→ **PROVIDED DATA**
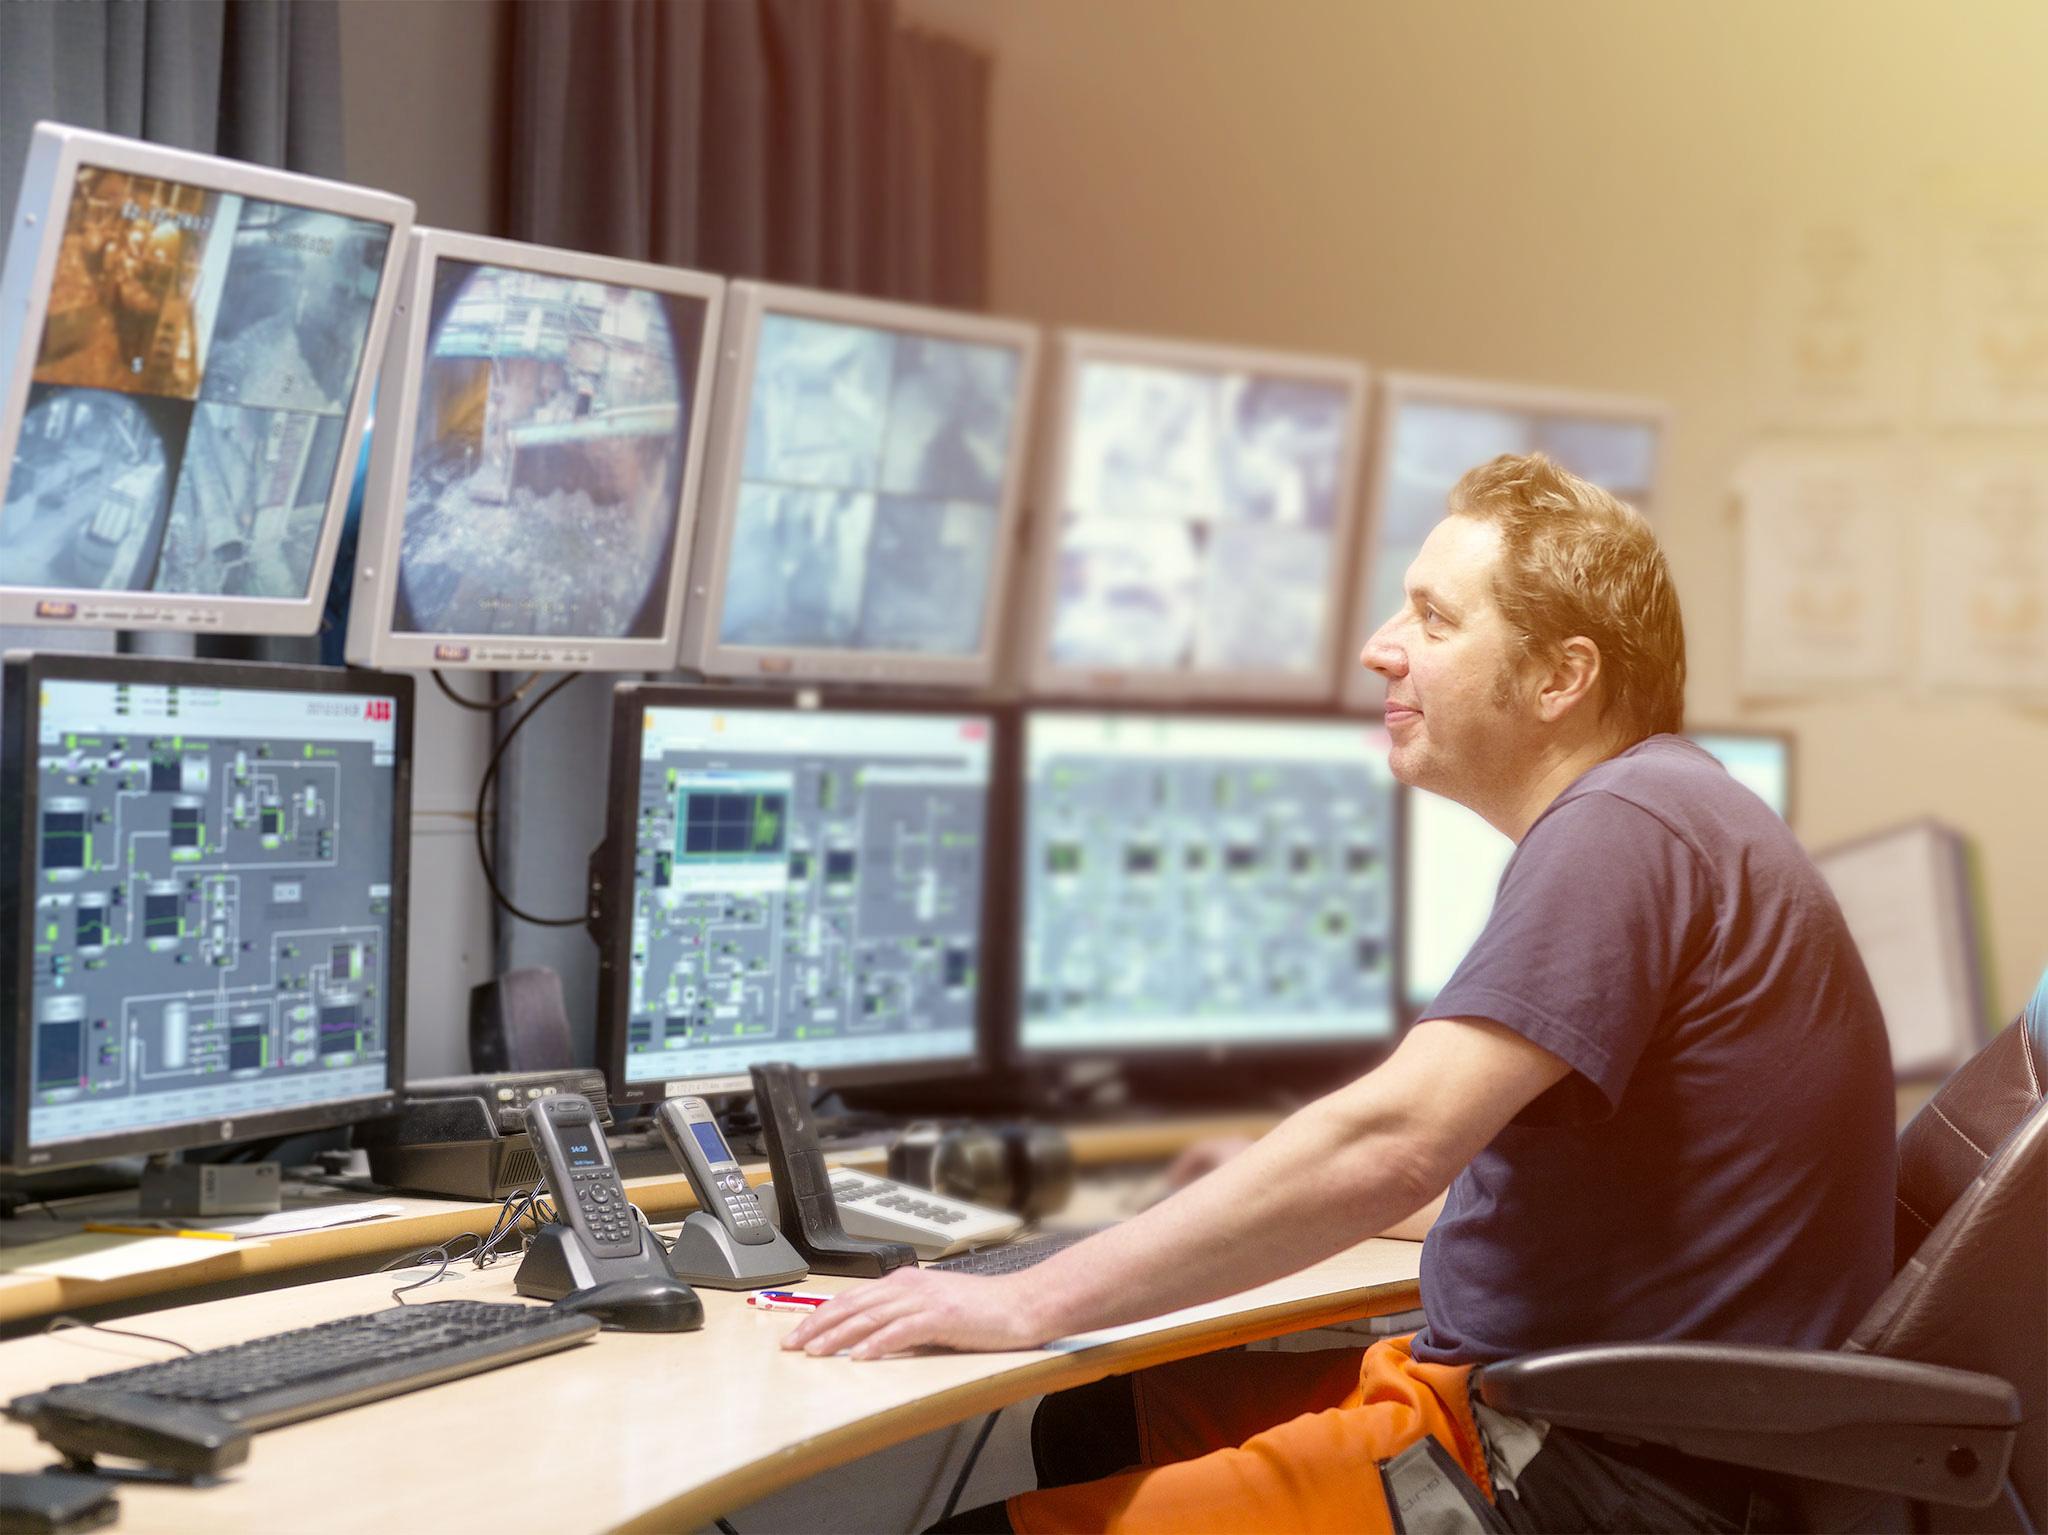 Anställd kontrollerar flera bildskärmar.
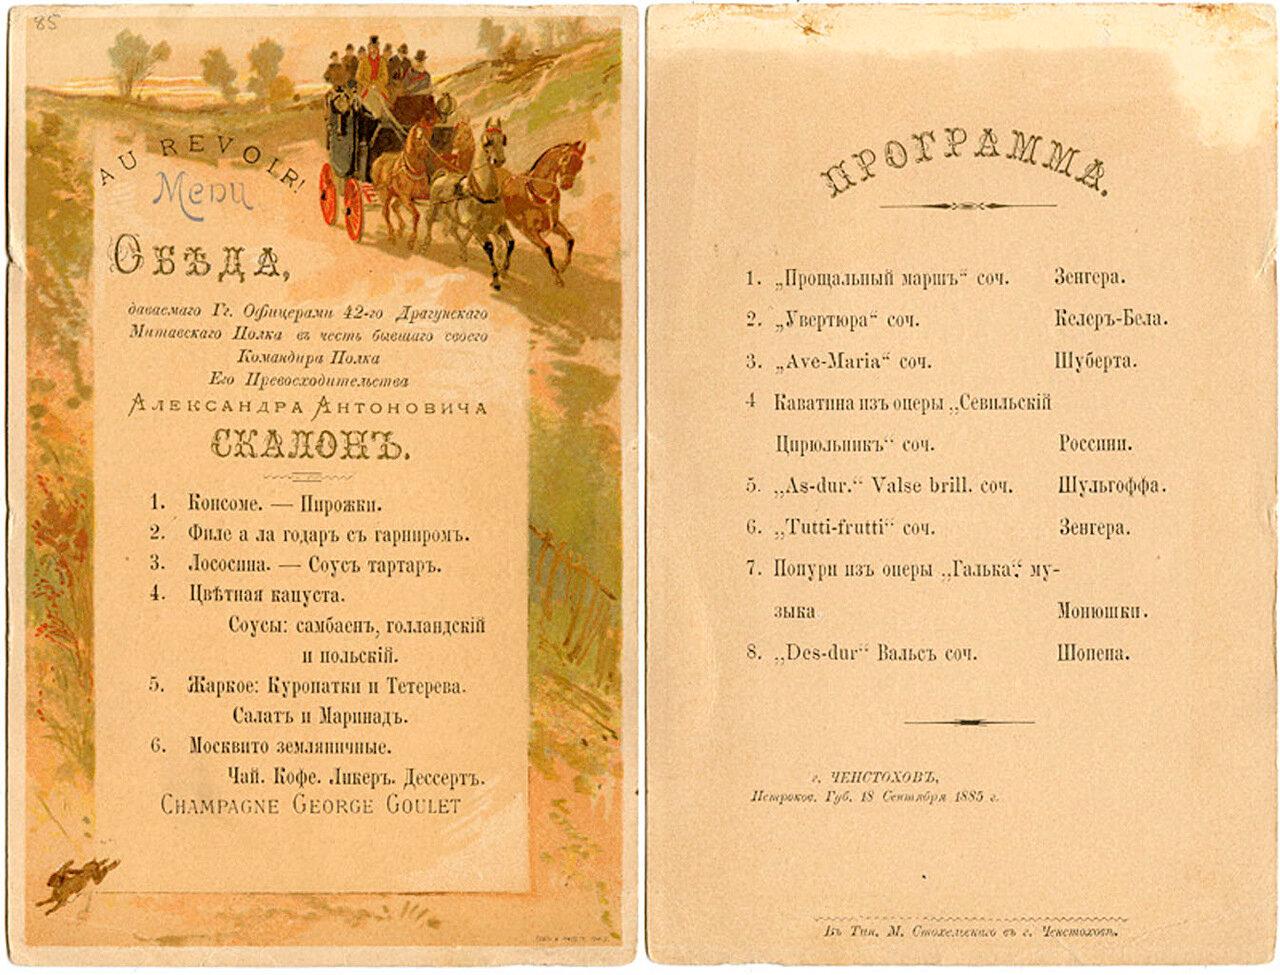 Меню и программа обеда офицеров 42 драгунского Митаевского полка в честь бывшего своего командира А.А.Скалона 18 сентября 1885 г.
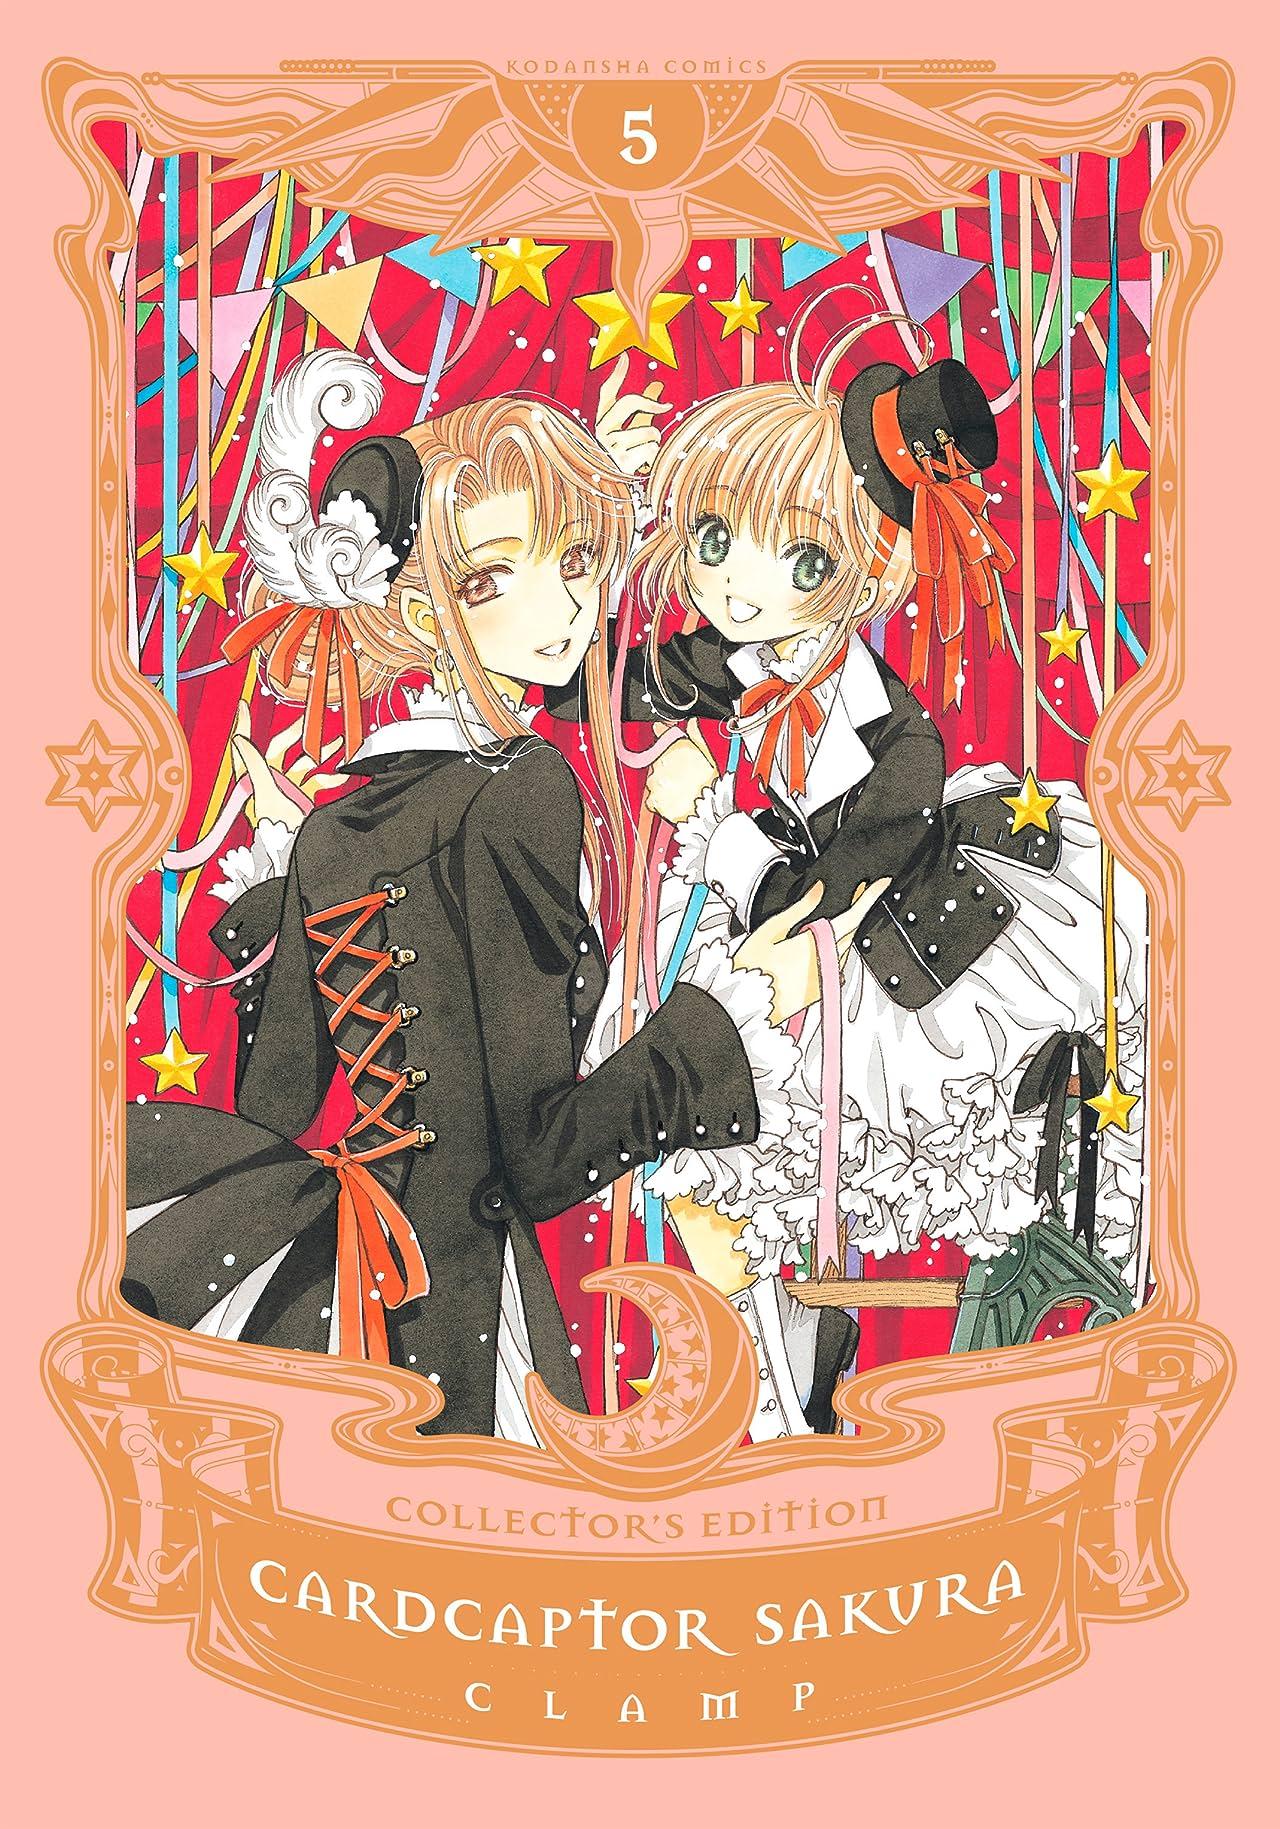 Cardcaptor Sakura Collector's Edition Tome 5

→ **WHAT IS BEING ASKED**
Set down all of the data word for word; no pictures belong in it.

→ **TASK ANSWER**
 Anställd kontrollerar flera bildskärmar.
 Меню и программа обеда офицеров 42 драгунского Митаевского полка в честь бывшего своего командира А.А.Скалона 18 сентября 1885 г.
 Cardcaptor Sakura Collector's Edition Tome 5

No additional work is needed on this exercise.